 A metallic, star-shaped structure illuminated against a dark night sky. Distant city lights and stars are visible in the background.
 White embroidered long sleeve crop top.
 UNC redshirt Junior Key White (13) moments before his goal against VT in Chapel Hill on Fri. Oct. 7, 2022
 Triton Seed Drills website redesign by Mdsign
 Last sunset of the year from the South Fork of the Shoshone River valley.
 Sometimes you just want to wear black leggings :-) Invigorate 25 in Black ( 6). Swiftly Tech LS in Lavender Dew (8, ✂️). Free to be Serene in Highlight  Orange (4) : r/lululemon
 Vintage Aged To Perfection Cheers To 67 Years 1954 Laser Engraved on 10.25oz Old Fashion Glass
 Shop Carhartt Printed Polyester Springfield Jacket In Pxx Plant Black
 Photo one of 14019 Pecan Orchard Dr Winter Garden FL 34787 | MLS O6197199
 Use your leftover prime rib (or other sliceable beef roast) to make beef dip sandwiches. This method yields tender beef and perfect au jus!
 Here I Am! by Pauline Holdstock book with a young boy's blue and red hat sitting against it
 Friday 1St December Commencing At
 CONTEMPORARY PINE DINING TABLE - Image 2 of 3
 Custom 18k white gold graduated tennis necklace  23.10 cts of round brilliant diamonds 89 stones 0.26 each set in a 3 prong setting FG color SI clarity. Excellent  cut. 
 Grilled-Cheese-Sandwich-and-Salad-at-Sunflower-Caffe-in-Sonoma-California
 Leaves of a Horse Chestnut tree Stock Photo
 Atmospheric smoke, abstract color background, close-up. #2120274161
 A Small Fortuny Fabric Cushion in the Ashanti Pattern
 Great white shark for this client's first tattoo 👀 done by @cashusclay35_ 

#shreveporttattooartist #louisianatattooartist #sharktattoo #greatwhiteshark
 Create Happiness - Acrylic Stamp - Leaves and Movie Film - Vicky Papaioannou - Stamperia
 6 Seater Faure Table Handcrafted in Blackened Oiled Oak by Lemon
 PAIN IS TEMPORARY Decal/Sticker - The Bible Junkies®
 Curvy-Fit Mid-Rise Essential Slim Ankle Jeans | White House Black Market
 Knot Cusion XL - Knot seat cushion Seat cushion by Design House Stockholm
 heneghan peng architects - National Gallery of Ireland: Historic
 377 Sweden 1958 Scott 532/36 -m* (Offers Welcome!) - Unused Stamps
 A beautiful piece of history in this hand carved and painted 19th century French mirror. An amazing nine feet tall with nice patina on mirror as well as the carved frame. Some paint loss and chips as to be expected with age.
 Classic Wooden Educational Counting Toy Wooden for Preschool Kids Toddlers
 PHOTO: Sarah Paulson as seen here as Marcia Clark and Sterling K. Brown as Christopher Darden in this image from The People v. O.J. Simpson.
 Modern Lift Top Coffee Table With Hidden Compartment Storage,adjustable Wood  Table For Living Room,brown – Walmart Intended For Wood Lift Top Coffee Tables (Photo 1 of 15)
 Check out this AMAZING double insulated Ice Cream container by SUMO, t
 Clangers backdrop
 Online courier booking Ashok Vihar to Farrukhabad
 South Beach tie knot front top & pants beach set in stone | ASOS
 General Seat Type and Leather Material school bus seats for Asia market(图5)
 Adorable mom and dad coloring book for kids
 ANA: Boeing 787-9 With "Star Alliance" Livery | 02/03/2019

_ _ _

WHAT IS EXPECTED =>
The lines that contain the word "House" are wanted; copy each of them from the records.

ANSWER =>
 Curvy-Fit Mid-Rise Essential Slim Ankle Jeans | White House Black Market
 Knot Cusion XL - Knot seat cushion Seat cushion by Design House Stockholm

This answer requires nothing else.